Task goal:
The response must be the exact lines from the one that contains "The Stooges Sweatshirt |" through the end of the material, with no pictures and no additional lines.

(Data provided begins)

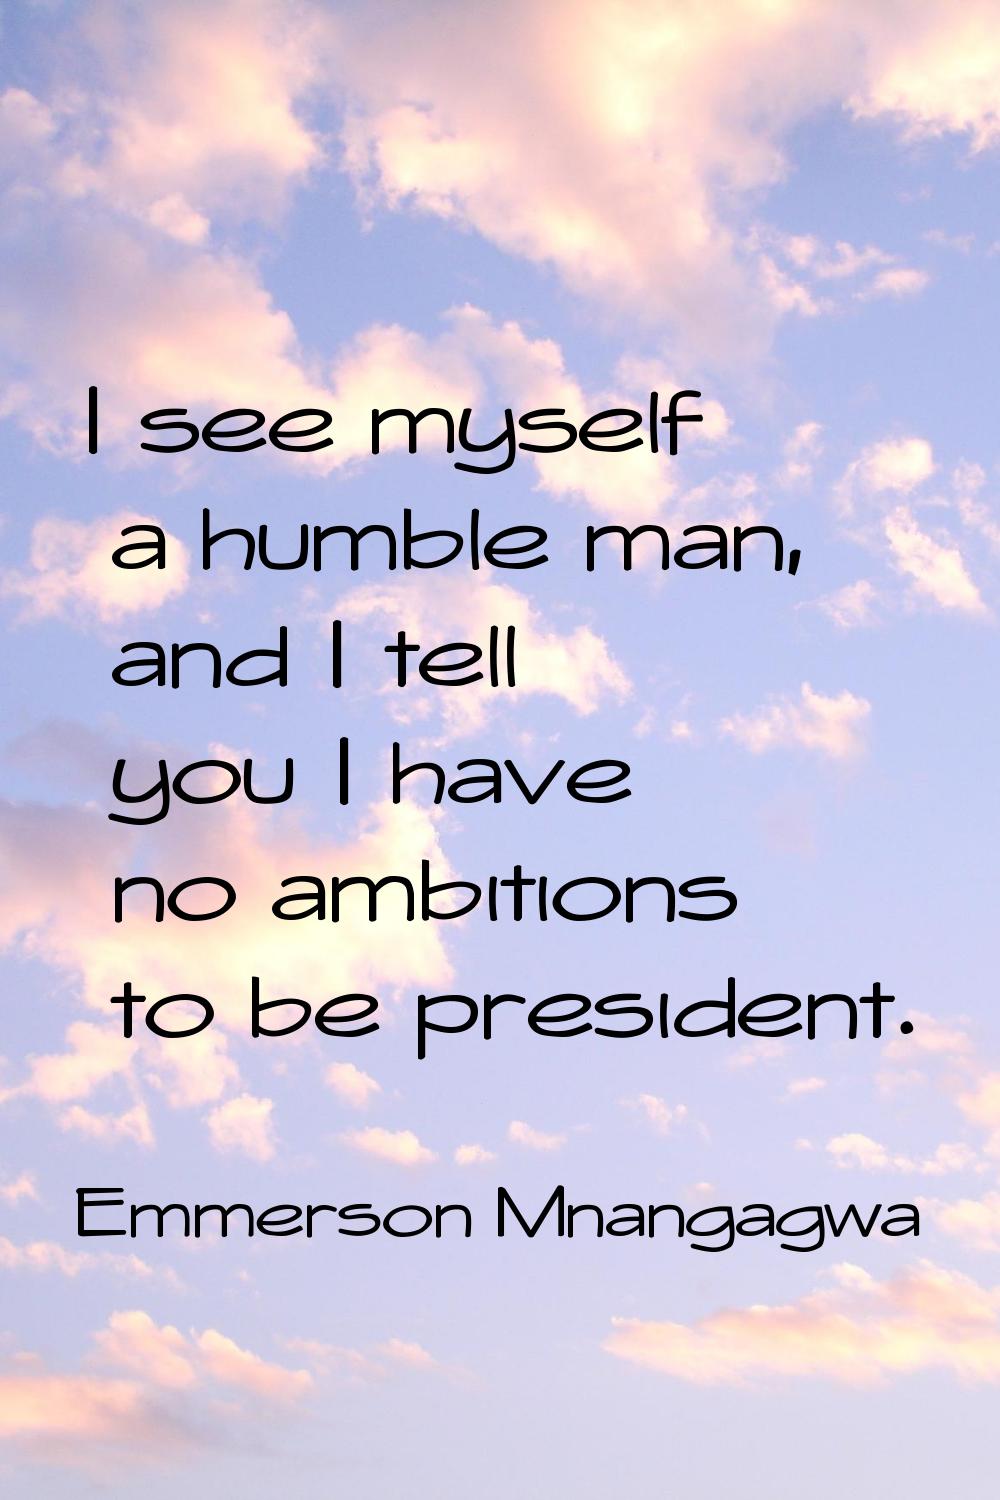 I see myself a humble man, and I tell you I have no ambitions to be president.
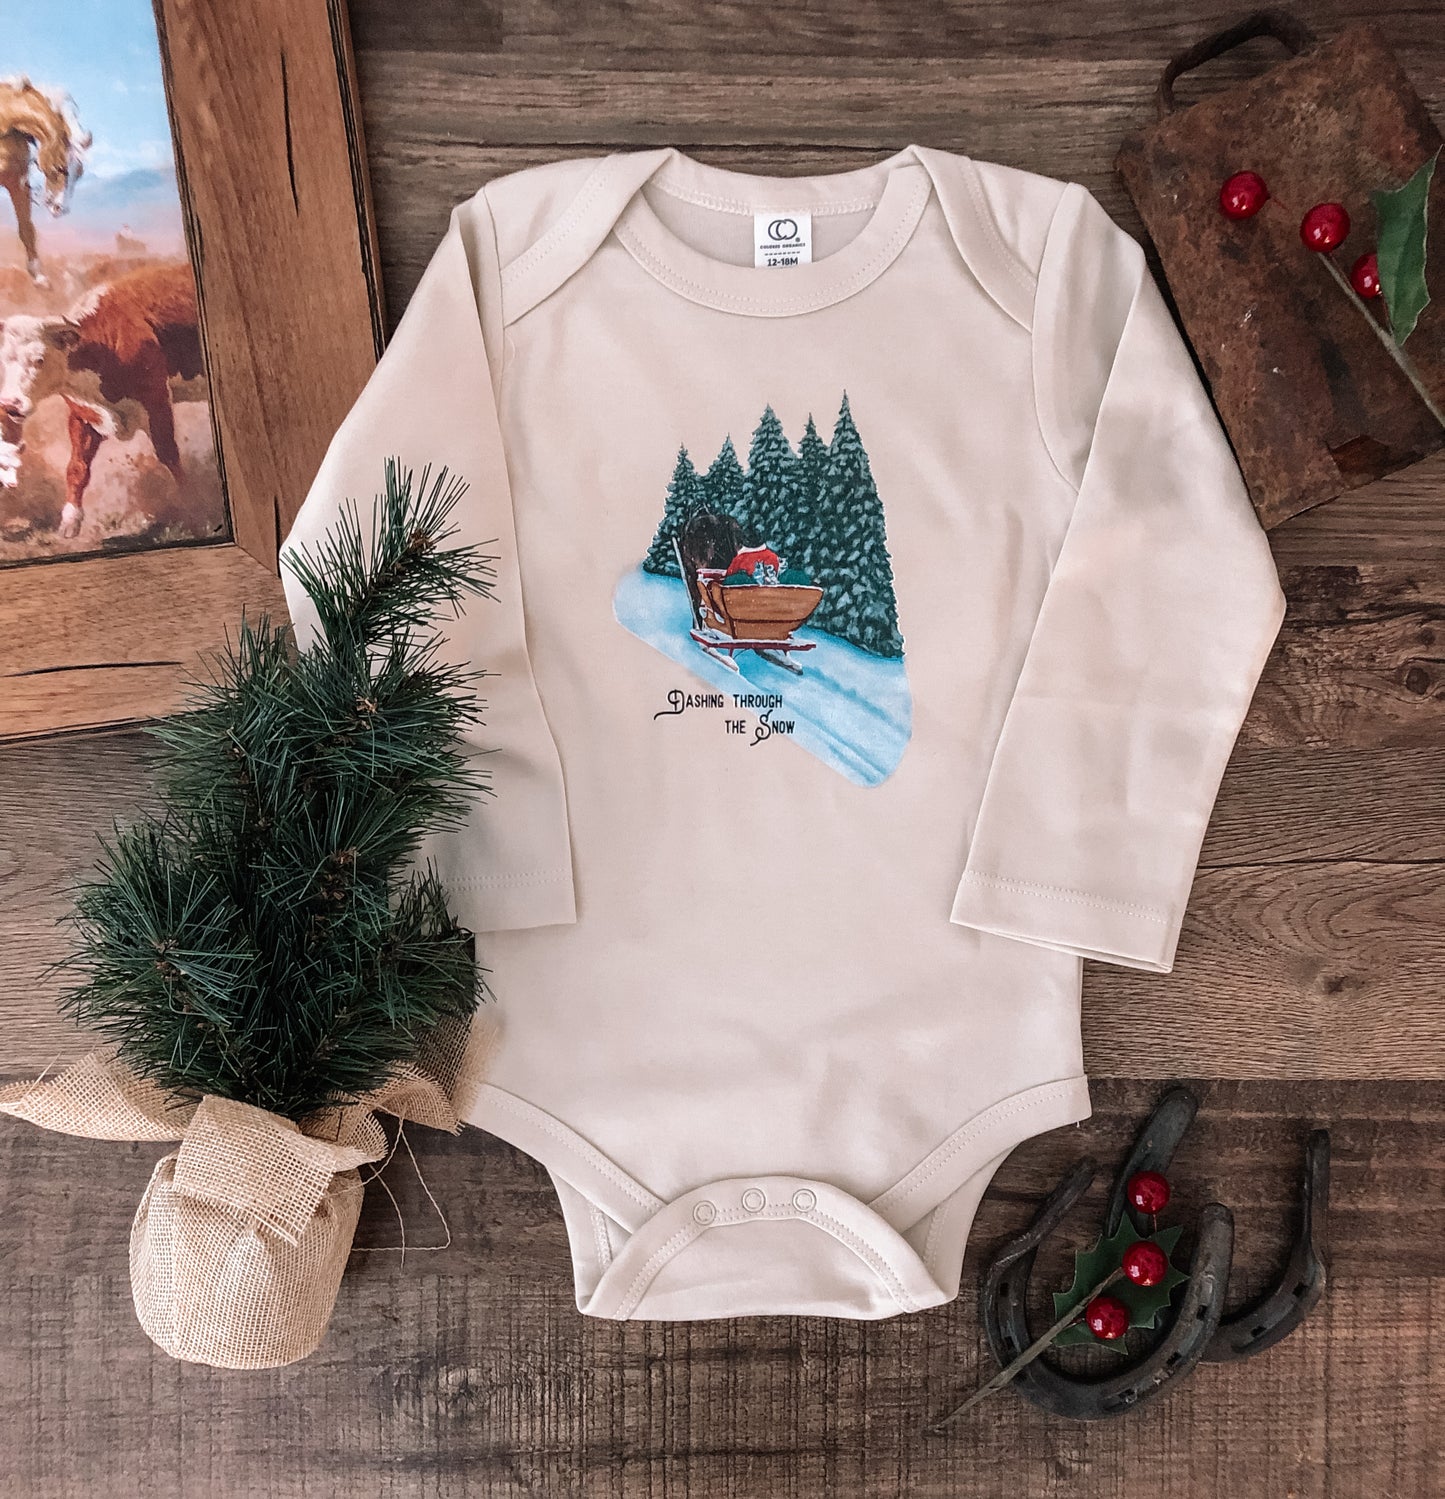 Dashing Through The Snow...With Cowpups In The Sleigh! (Baby, Toddler, & Youth) - Natural
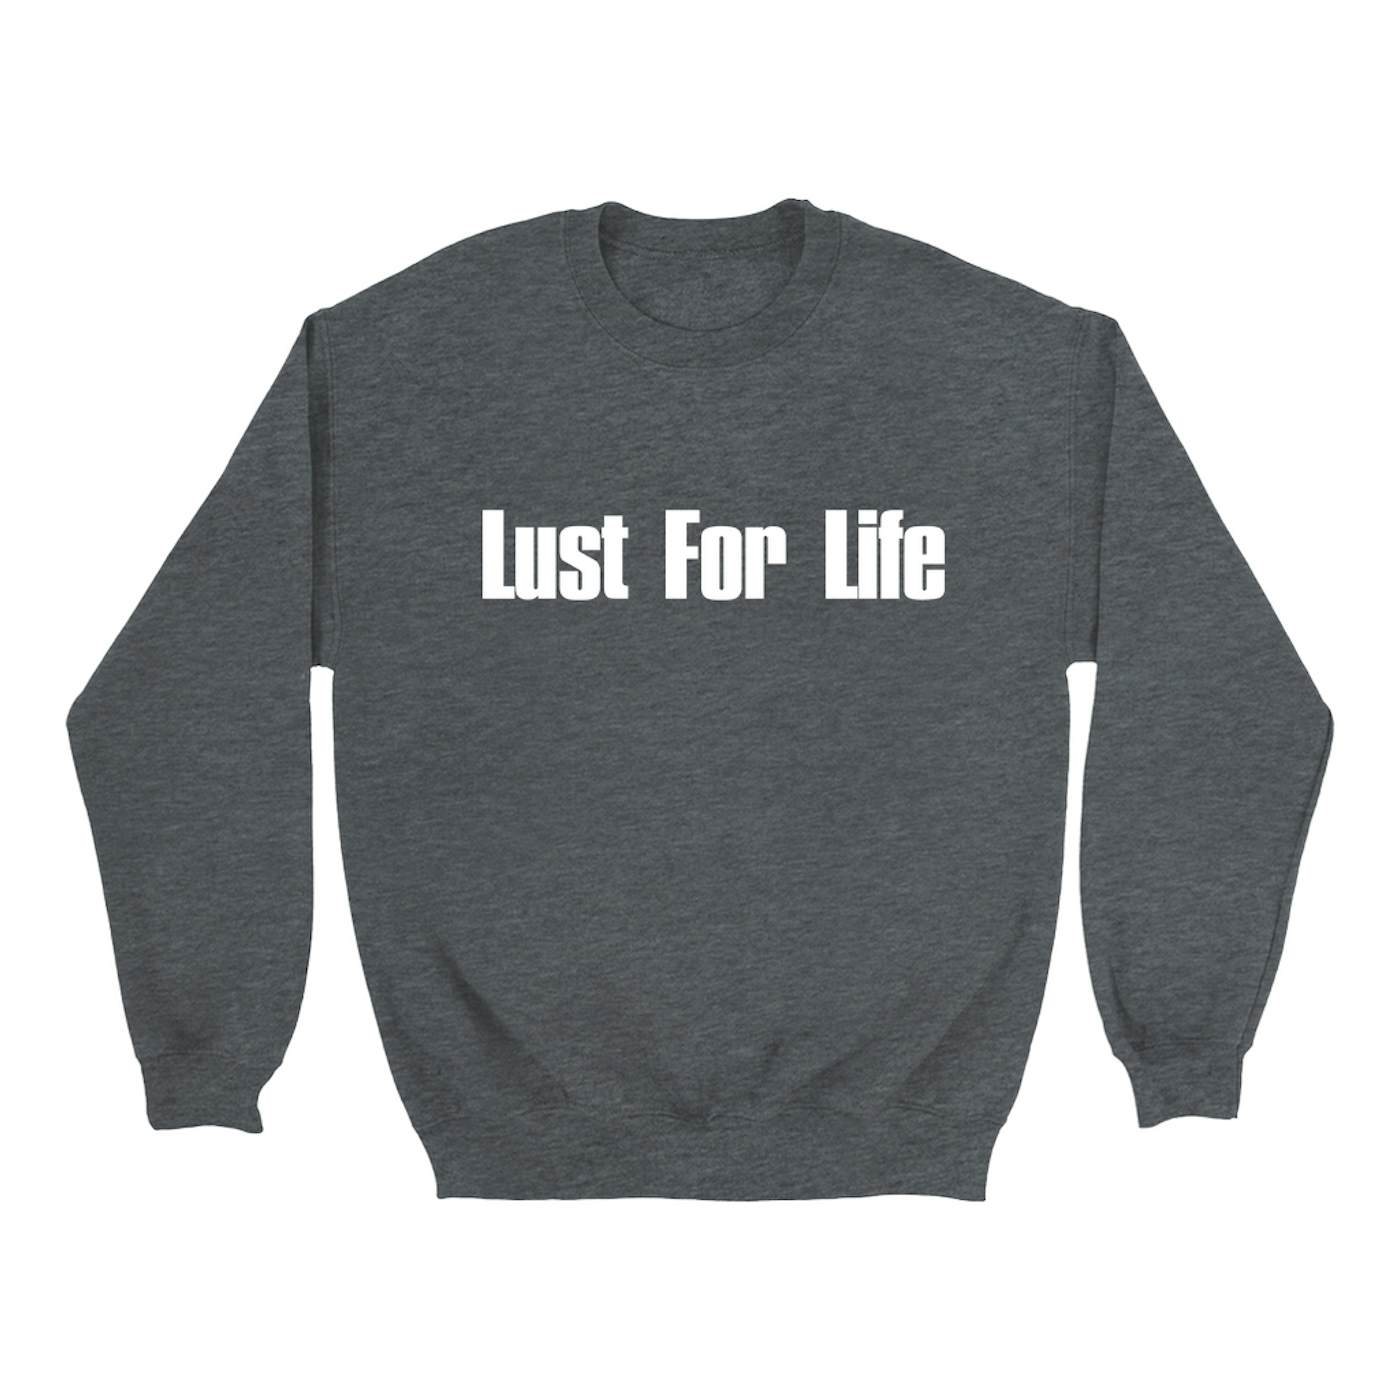 The Stooges Sweatshirt | Lust For Life Worn By Iggy Pop The Stooges Sweatshirt
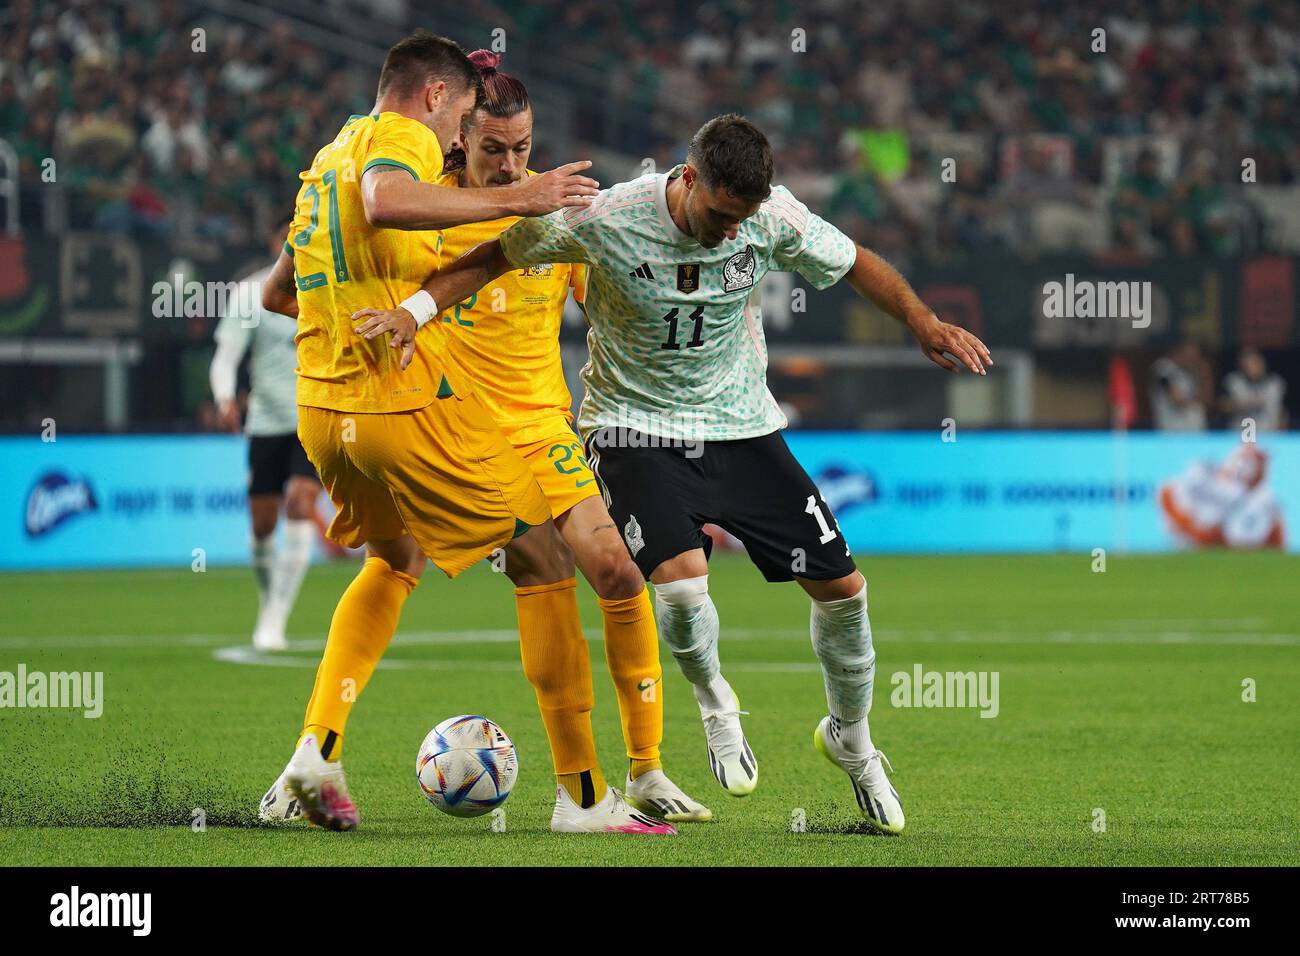 Arlington, Texas, United States: Santiago Gimenez (MX) in action against Cameron Burgess (AU) and Jackson Irvine (AU) during the international soccer game between Mexico and Australia played at AT&T Stadium on Saturday September 9, 2023.  (Photo by Javier Vicencio / Eyepix Group/Sipa USA) Stock Photo

(Data provided ends)

Exercise solution:
 The Stooges Sweatshirt | Lust For Life Worn By Iggy Pop The Stooges Sweatshirt
 Arlington, Texas, United States: Santiago Gimenez (MX) in action against Cameron Burgess (AU) and Jackson Irvine (AU) during the international soccer game between Mexico and Australia played at AT&T Stadium on Saturday September 9, 2023.  (Photo by Javier Vicencio / Eyepix Group/Sipa USA) Stock Photo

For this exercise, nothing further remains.